Wednesday, June 24, 2015

No More Silver Bullets



I recently met with the neurologist who'd been helping me fight my disability. Twice, using radio wave ablation, I had burned the nerves on my neck and in my lumbar region. This last time it didn't work. She had been a great doctor and done everything she could. She explained to me that the speed at which arthritis was taking over my body, meant she had no magic bullets left. I was left with a cervical spondylosis that felt like a vise tightening around my neck. In addition, every day it was  getting harder to walk.
After I become a professor emeritus, I began writing novels until I couldn't use my hands on a computer anymore. (I can still dictate my blogs) It seemed I was having something taken away every day.
Then I remembered why I believed the magic bullets would always show up. When I was seven, I and my two brothers had fevers that lasted a couple of weeks. However, because my father had osteomylitis (an open sore on his leg which would not have been there if penicillin had been discovered when he was young,) he caught polio from us and died in five days in an iron lung. The three of us emerged unscathed..

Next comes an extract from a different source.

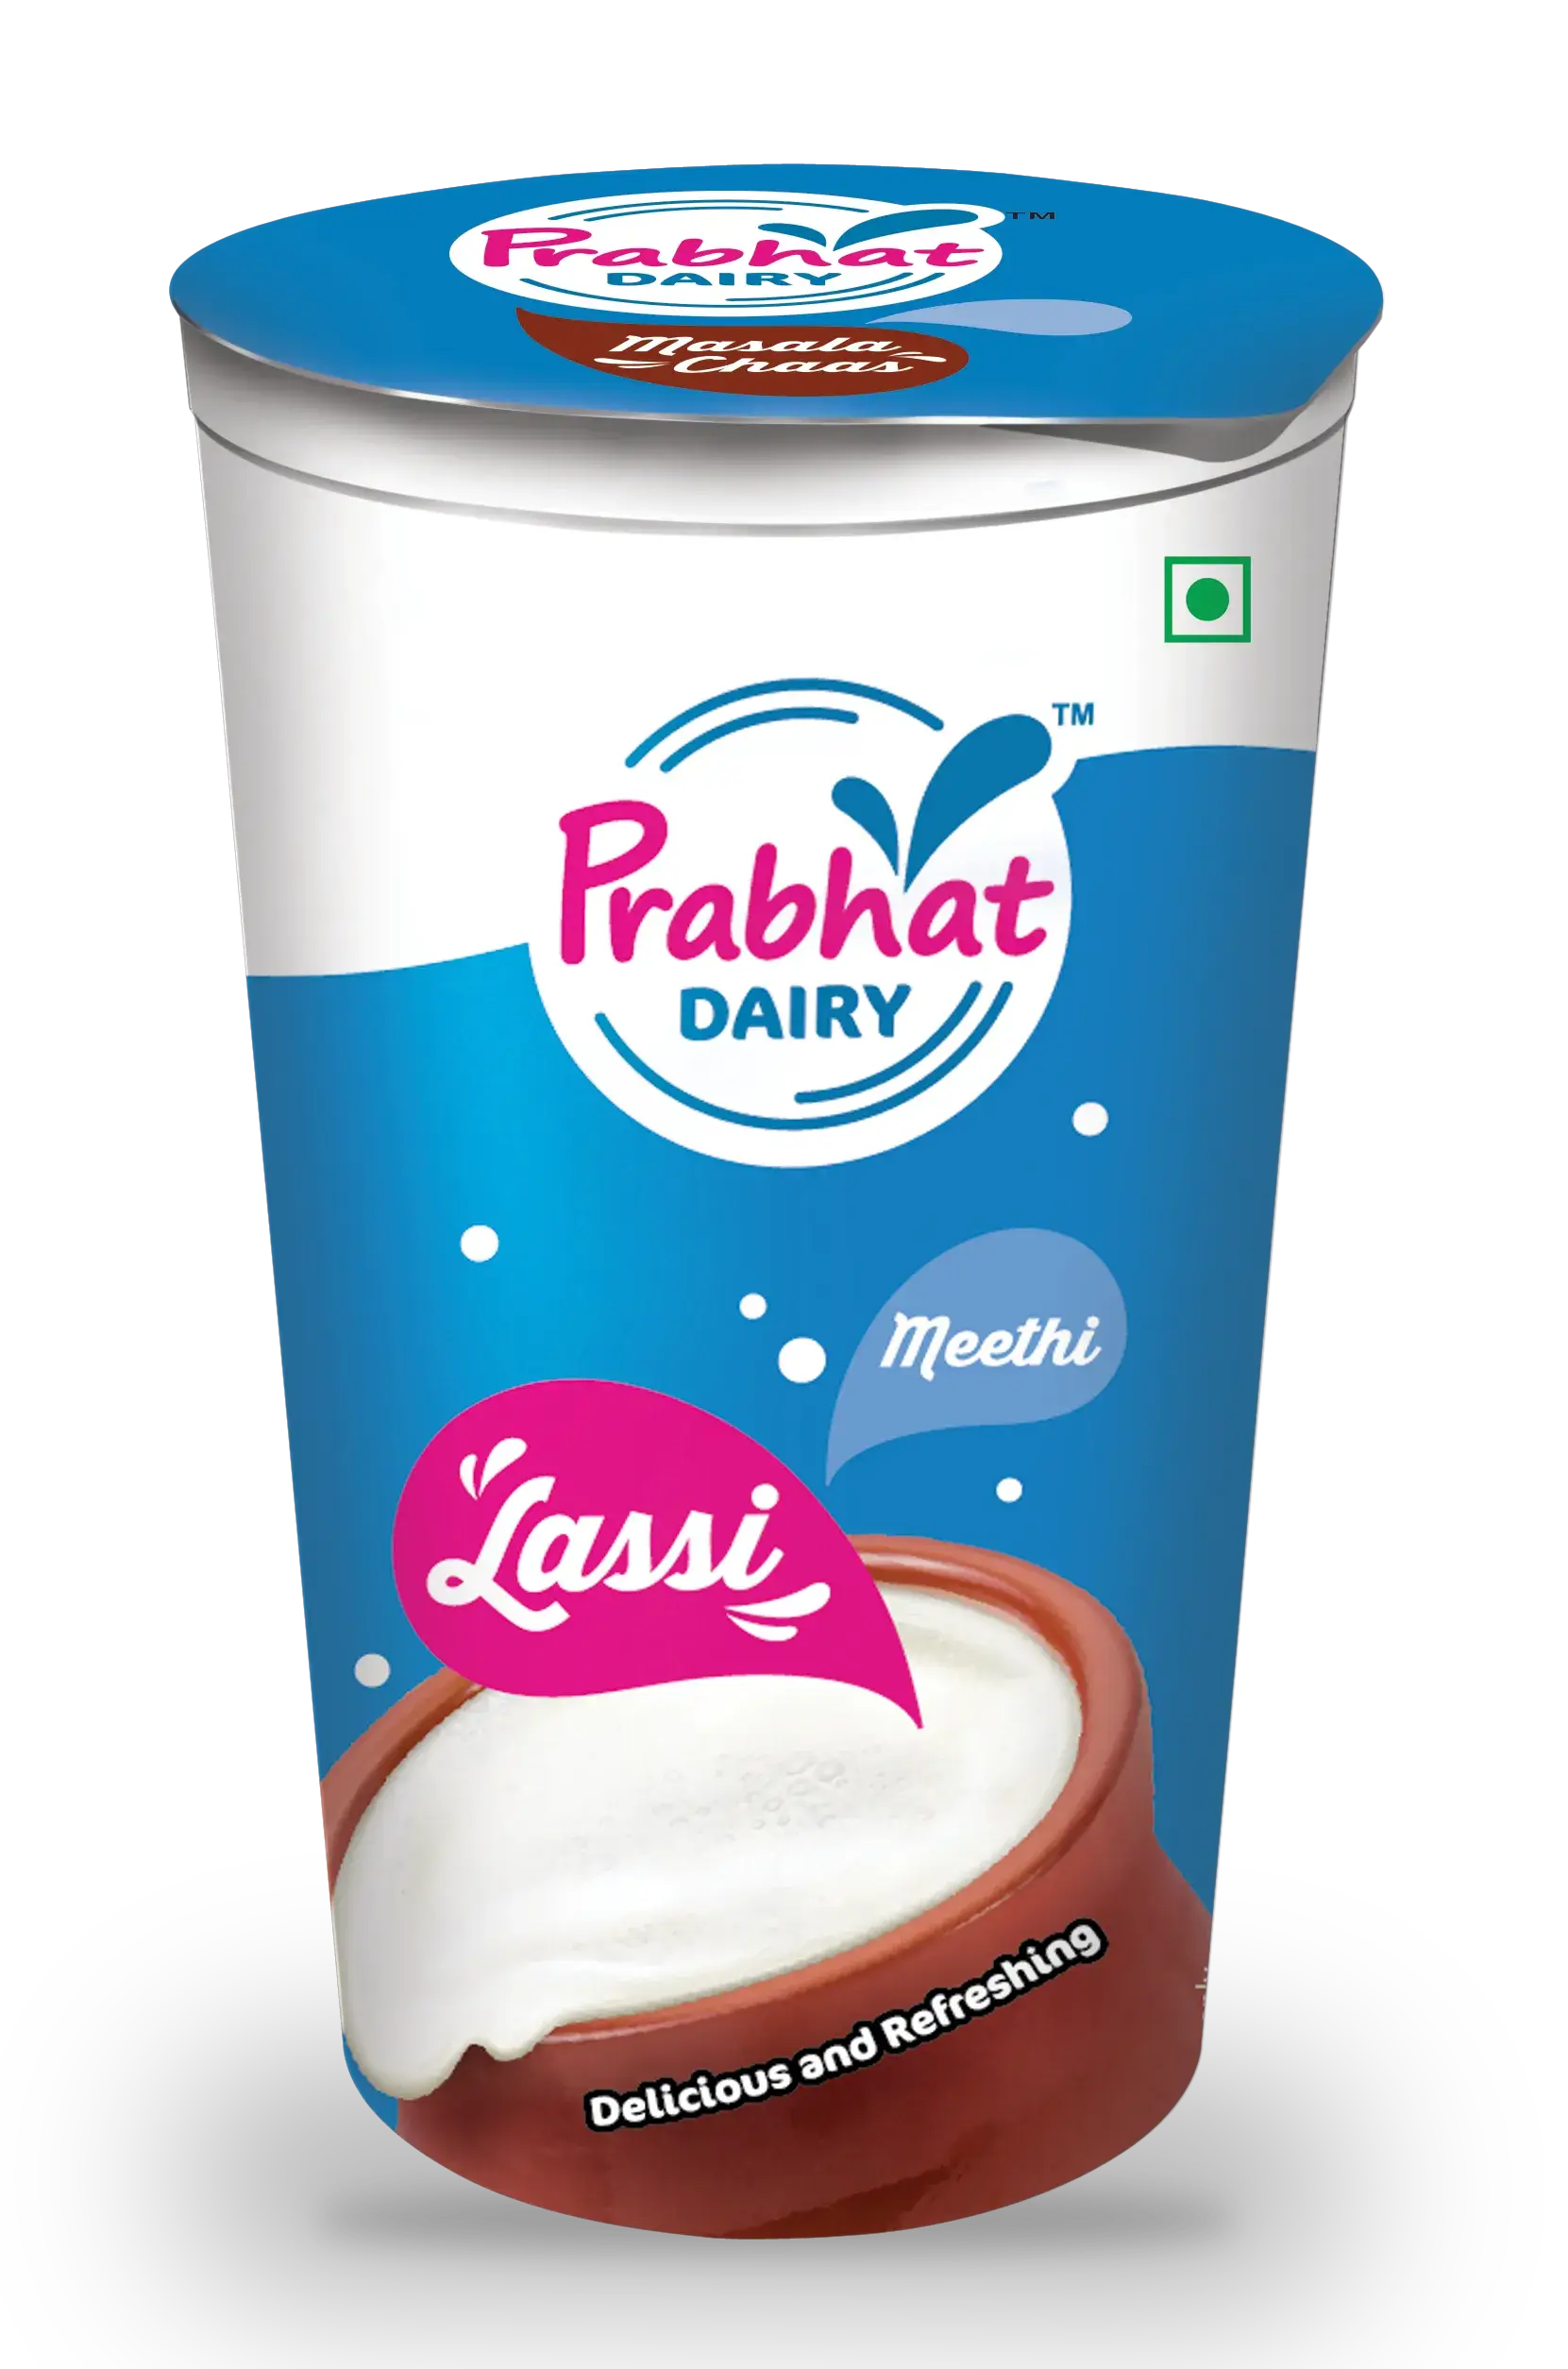 Prabhat Dairy Meethi Lassi Cup 180ml

My father had died at 37, so all of us, independently, felt relief when we turned 38. We lived in different parts of North America, but the movie "Field of Dreams" had a strong impact on us. "Build it and he will come" had grabbed all of us. However, before I questioned both of them, we didn't know we'd all been so impacted by the film.
But now there are no silver bullets left. The last time I saw my grandfather, his arthritis made it impossible for him to move anything on his body. As the oldest, I'm the first to look into the swirling sinkhole that will pull me down. I  hope that I'll be the only one to see the ground open up.